Input data »
▬▬▬▬▬▬▬▬▬▬

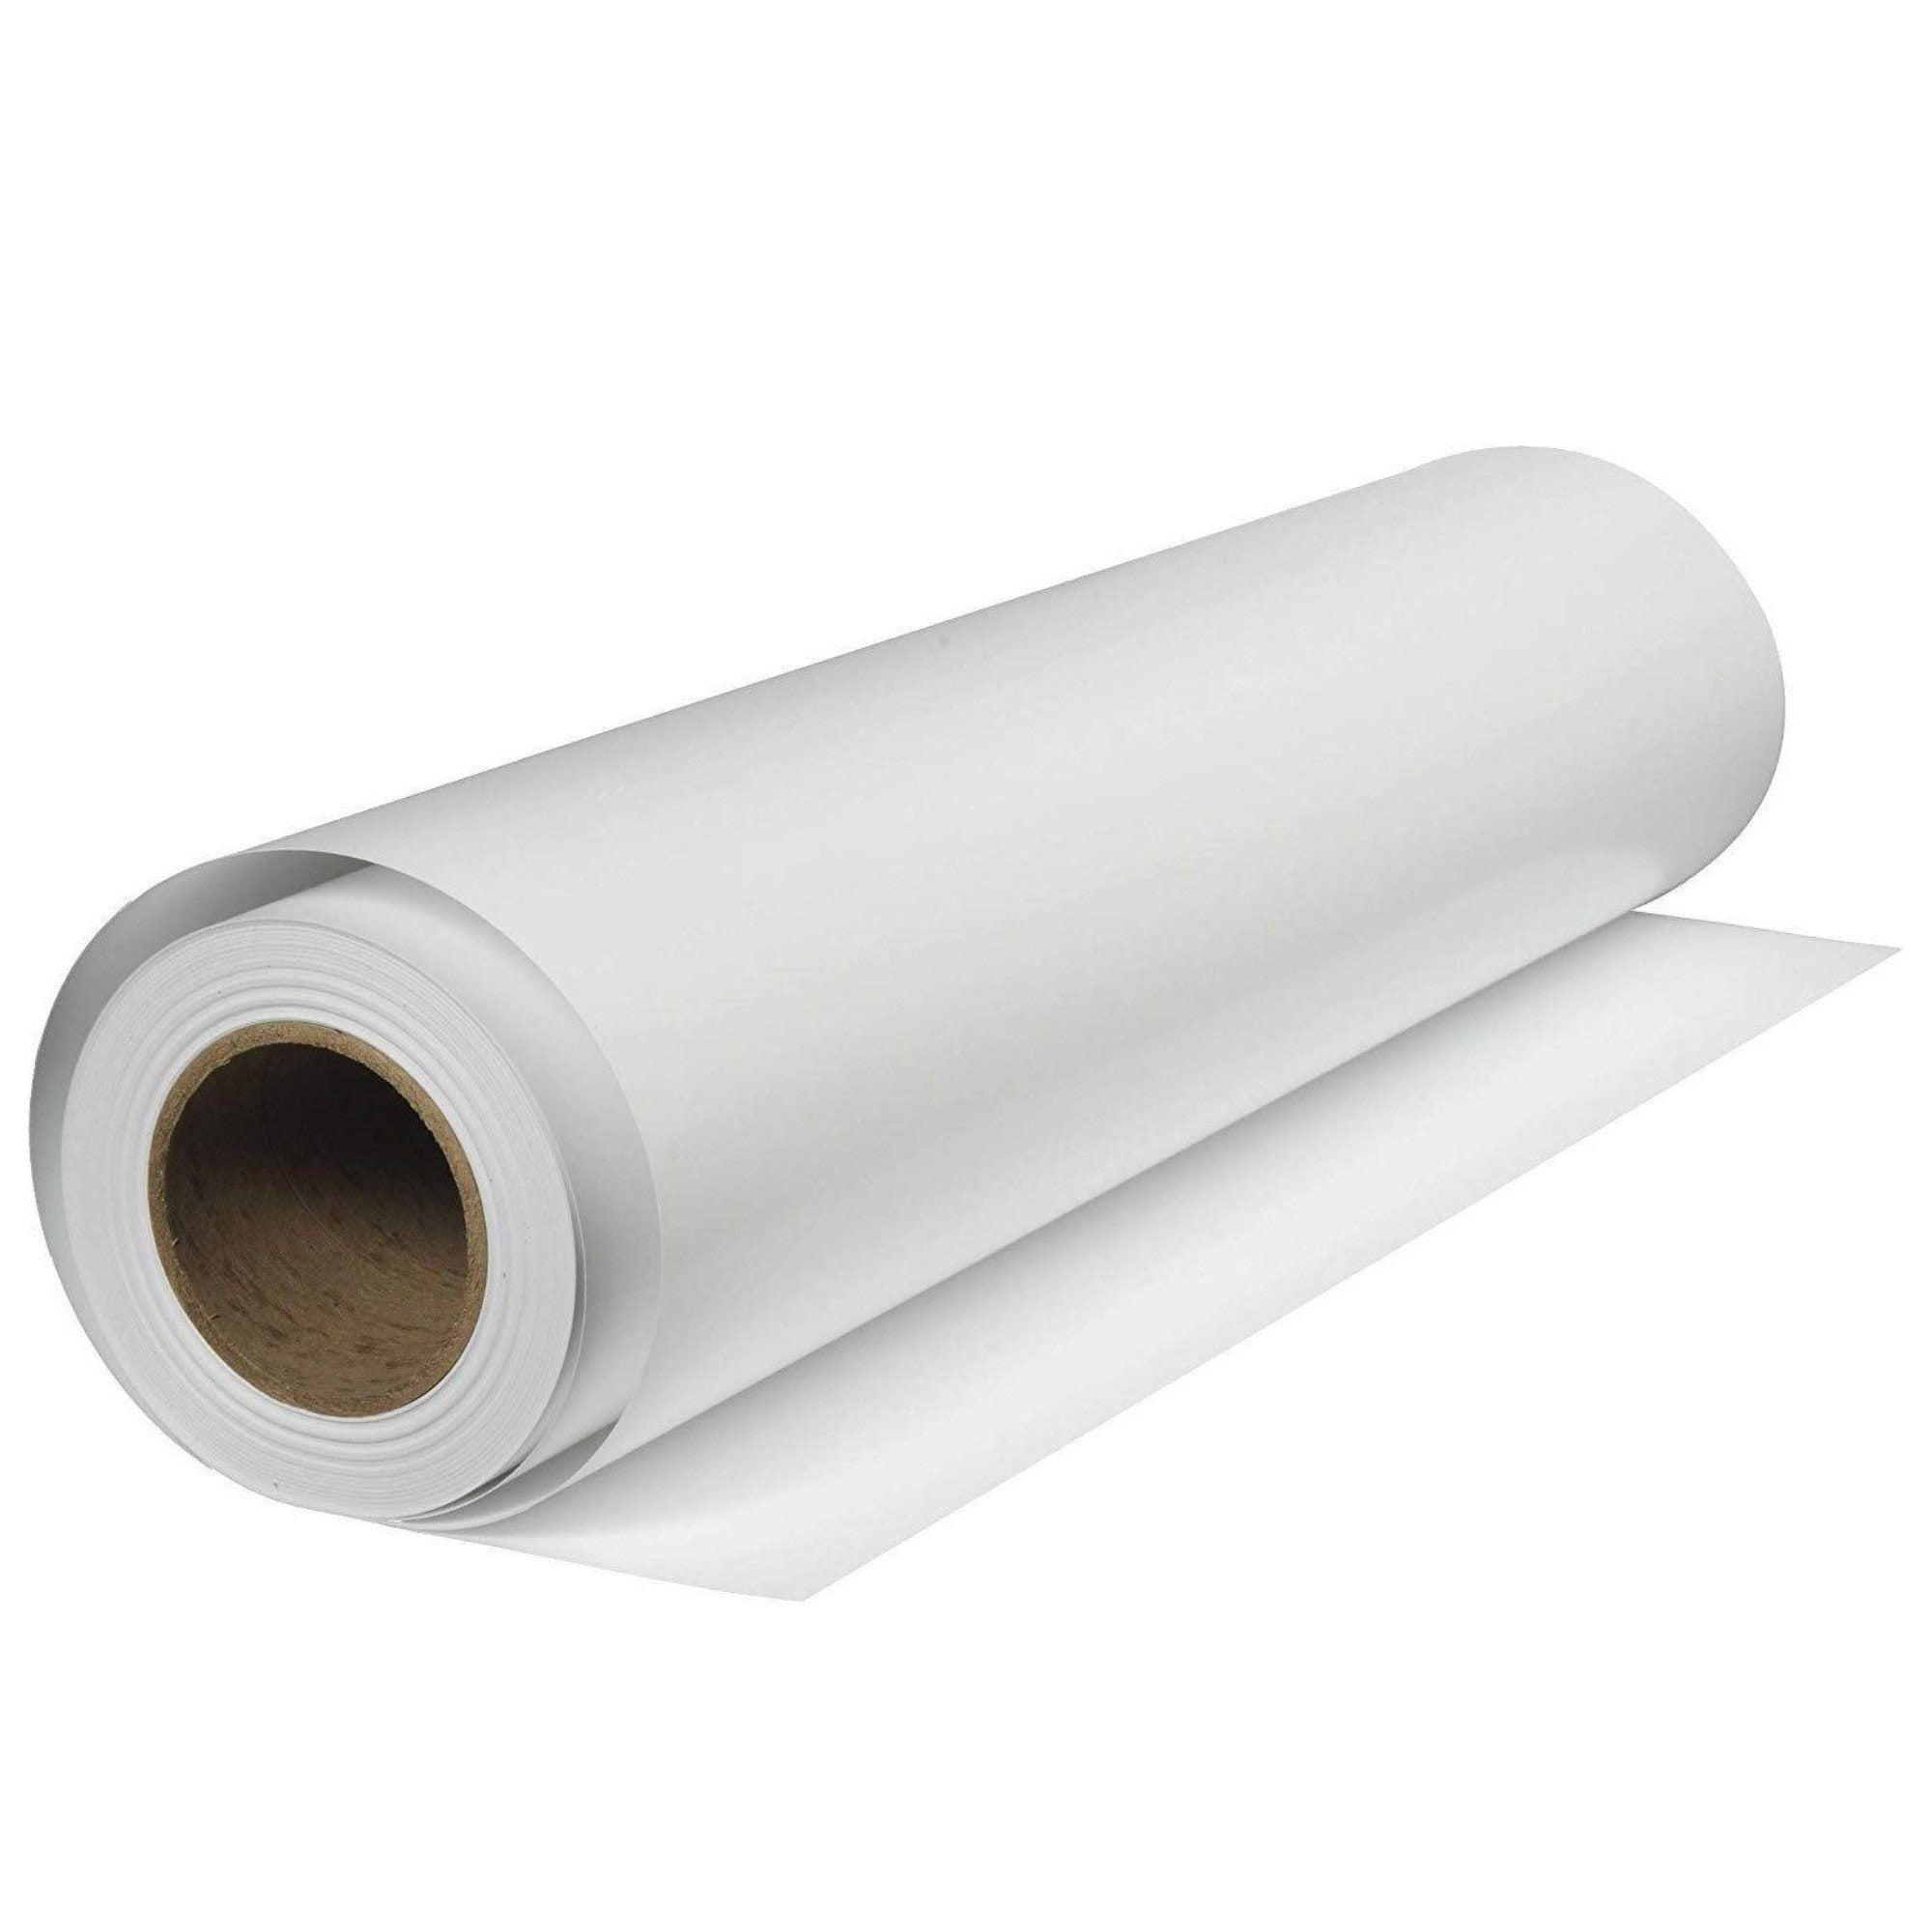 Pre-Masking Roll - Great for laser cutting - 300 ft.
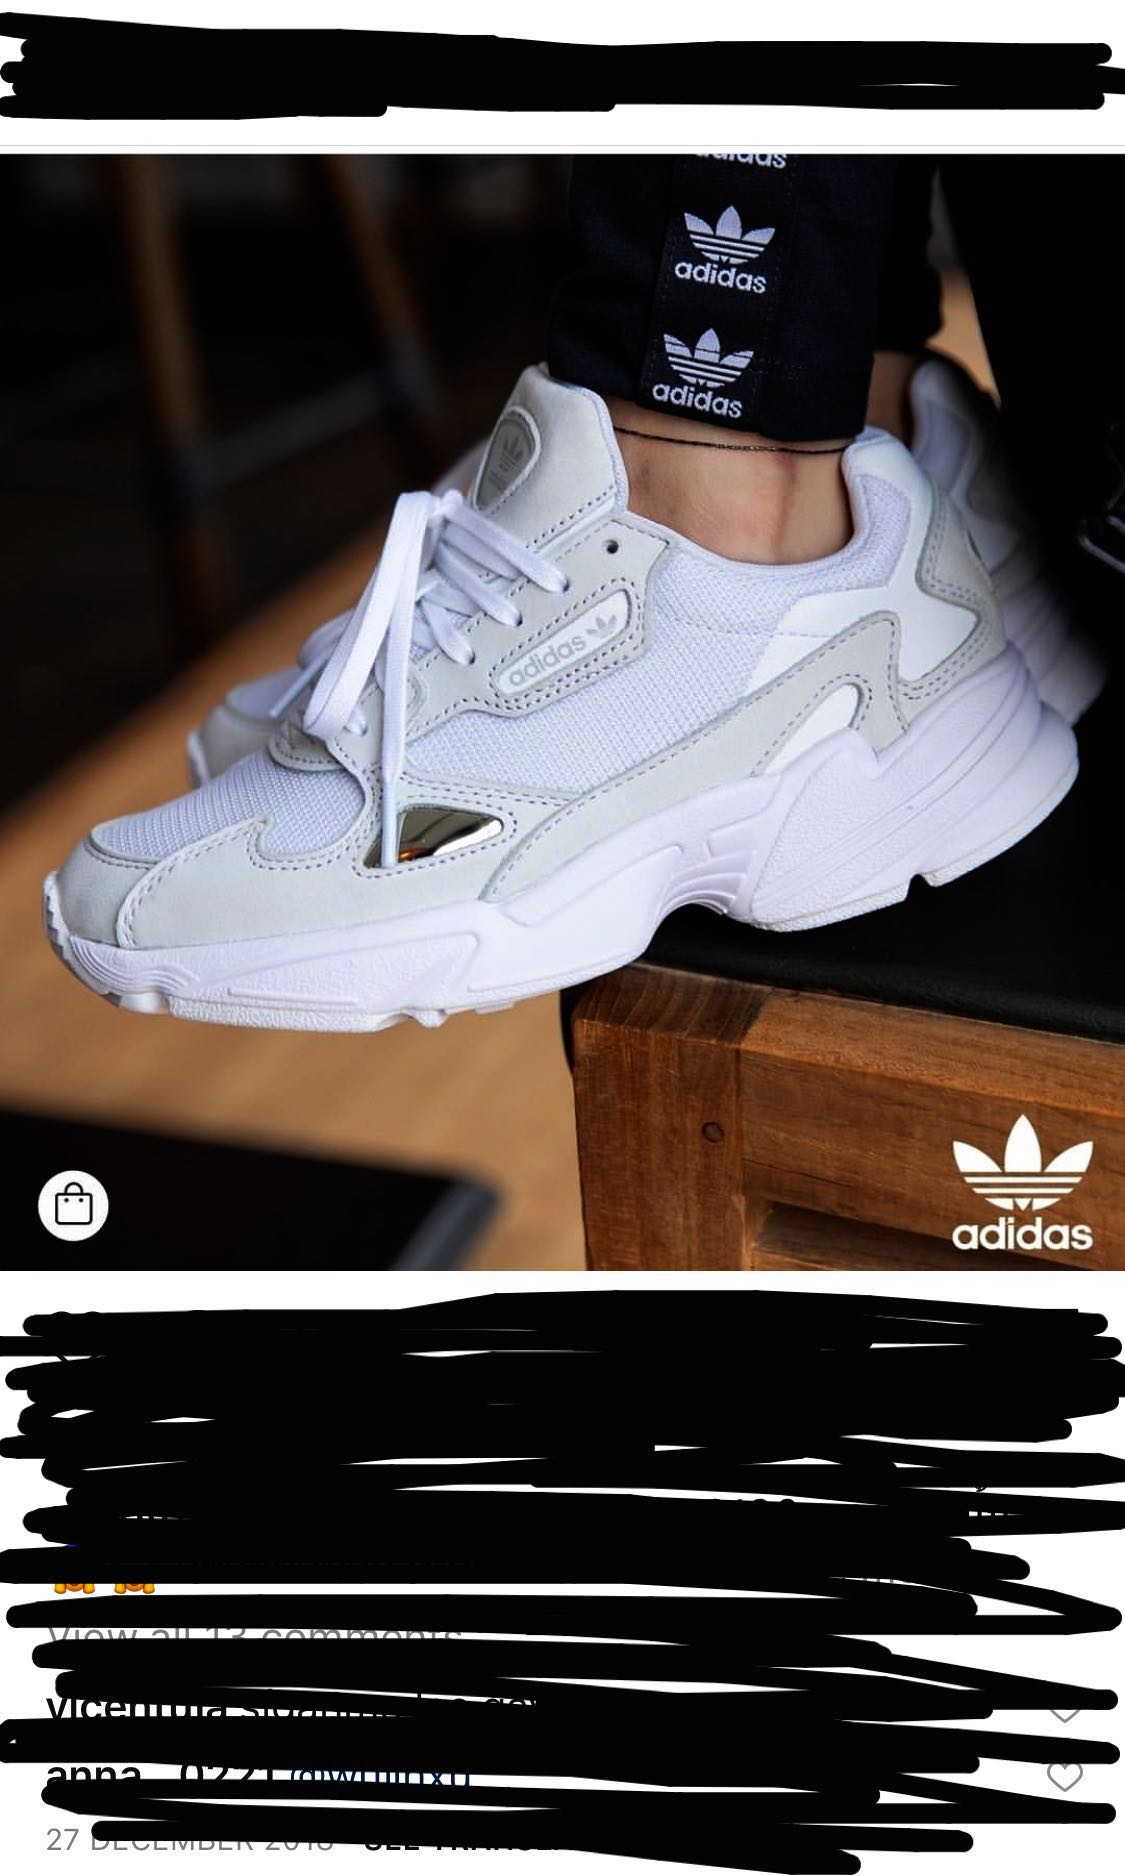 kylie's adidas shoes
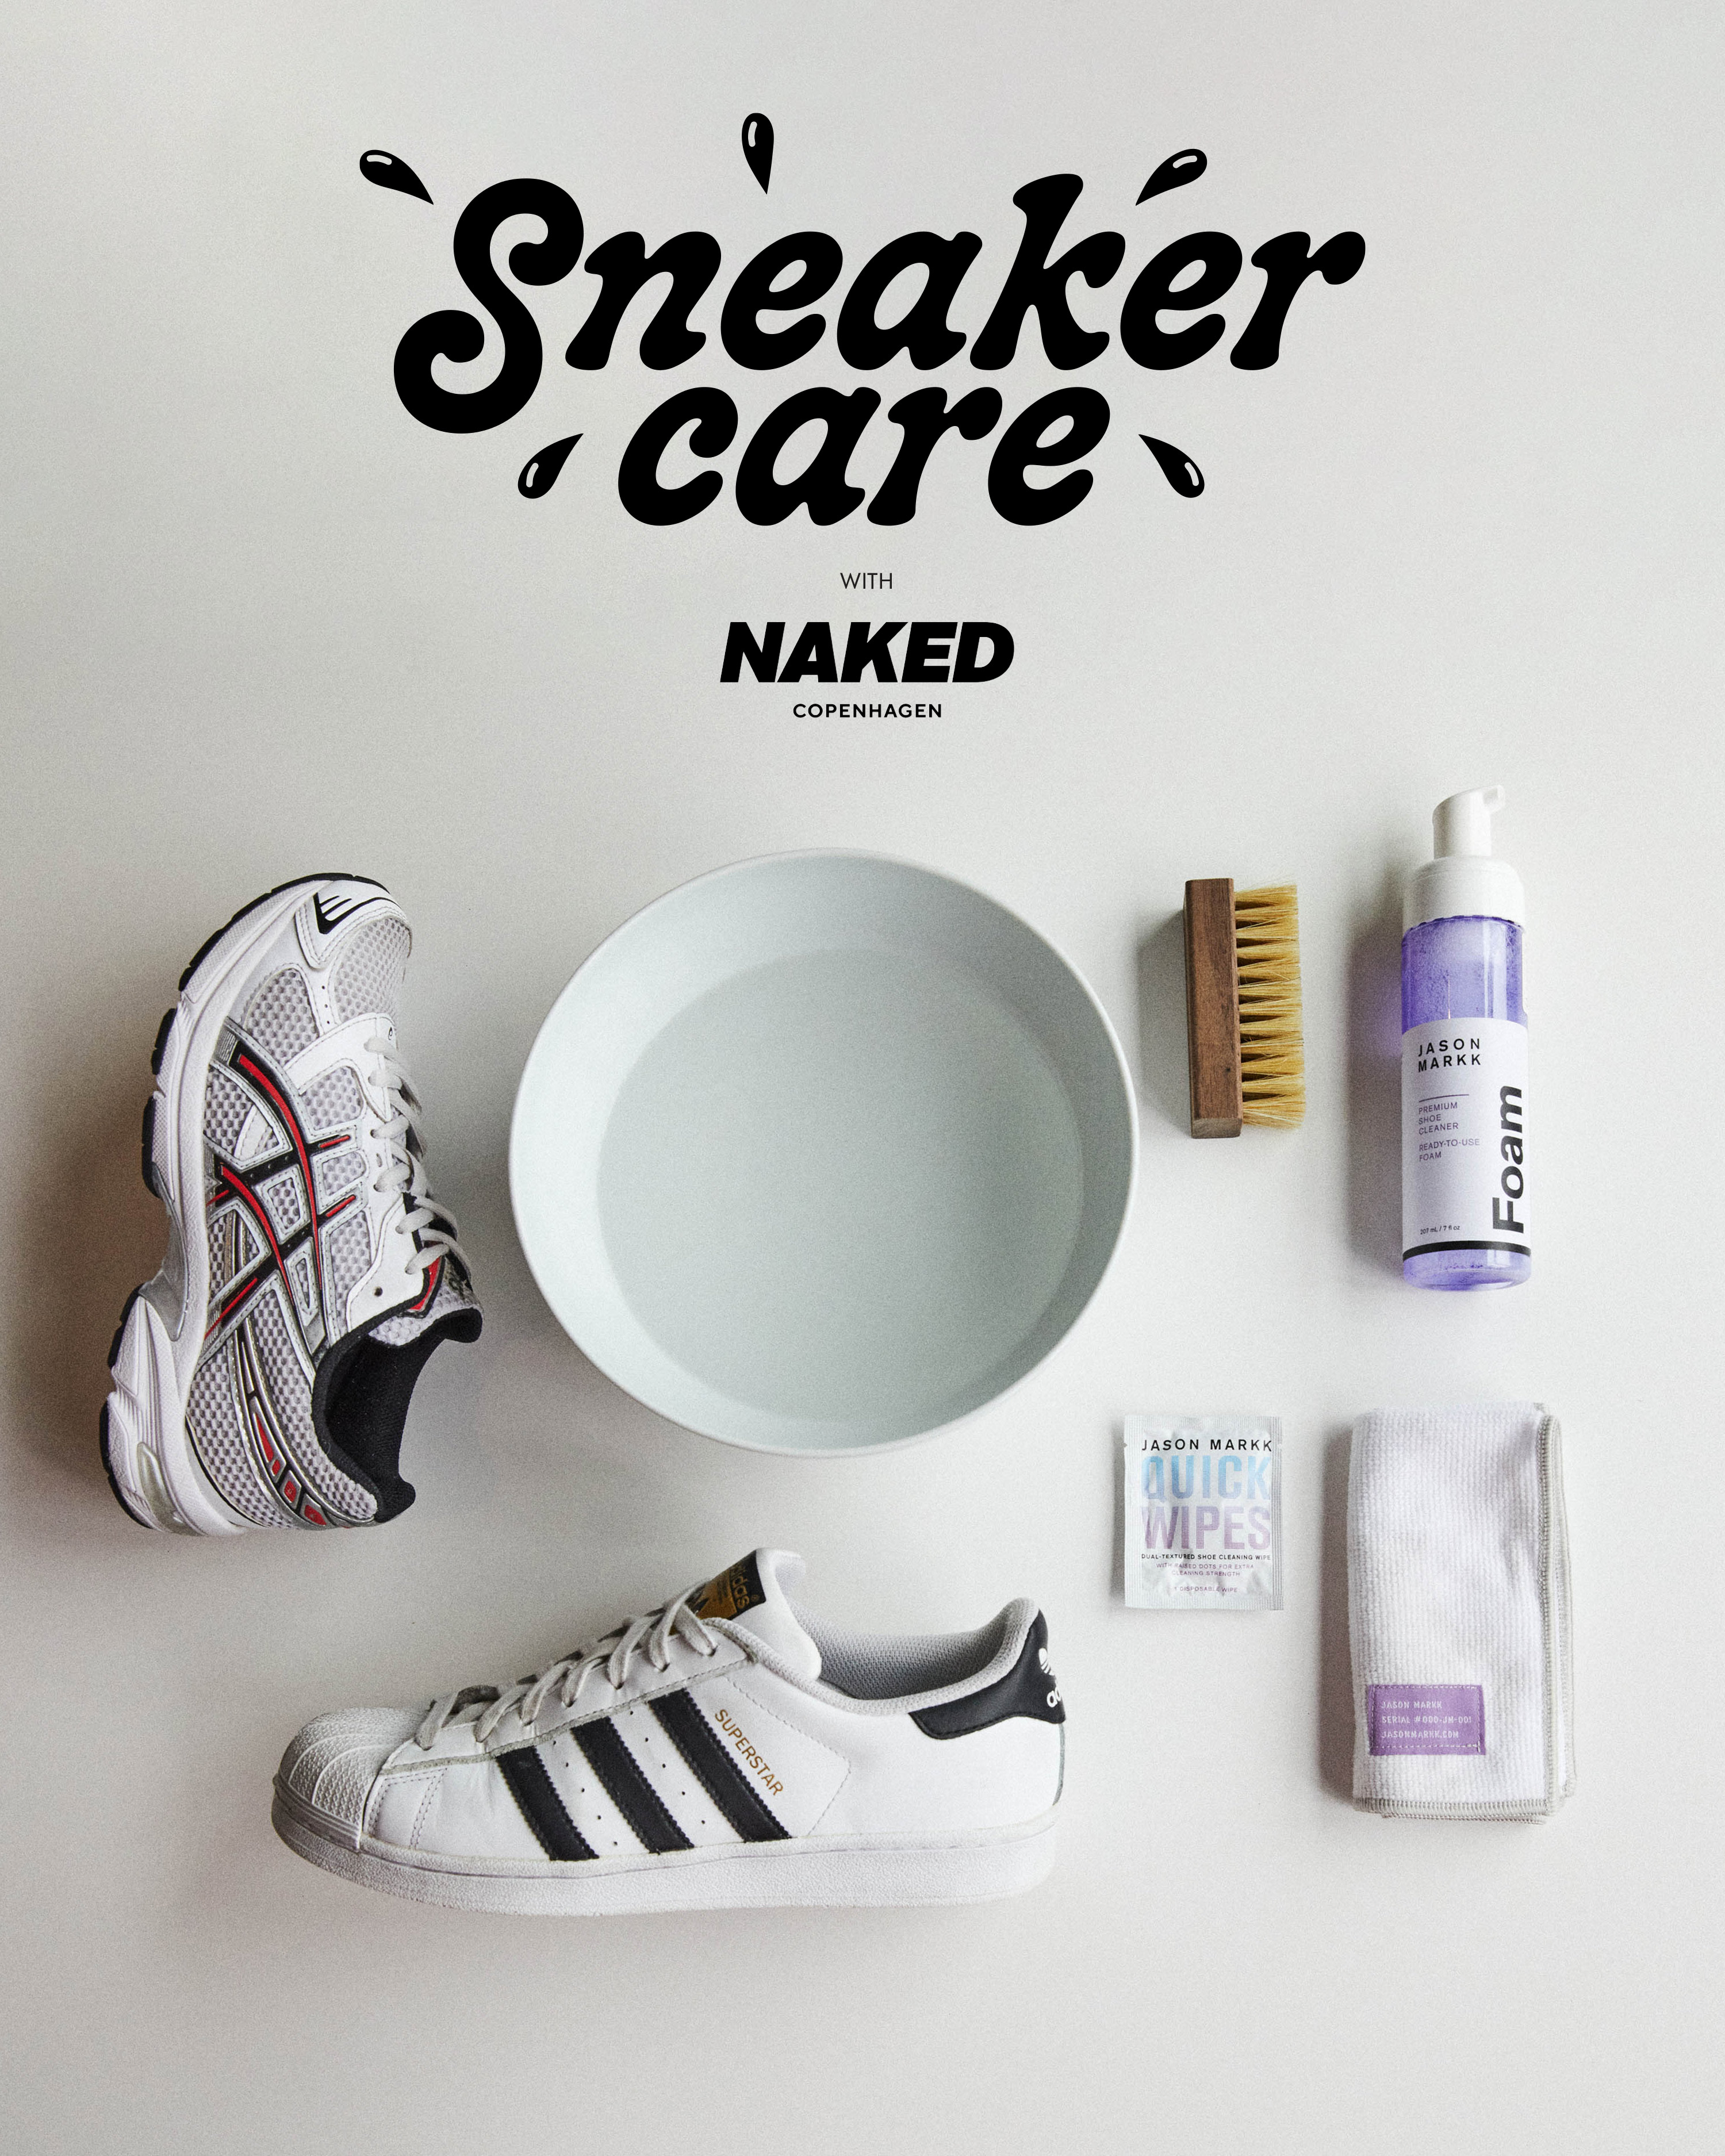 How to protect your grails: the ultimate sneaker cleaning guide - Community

▬▬▬▬▬▬▬▬▬▬

What you need to do »
Once the pictures are set aside, repeat the data above exactly as written.

Your solution »
 Pre-Masking Roll - Great for laser cutting - 300 ft.
 kylie's adidas shoes
 How to protect your grails: the ultimate sneaker cleaning guide - Community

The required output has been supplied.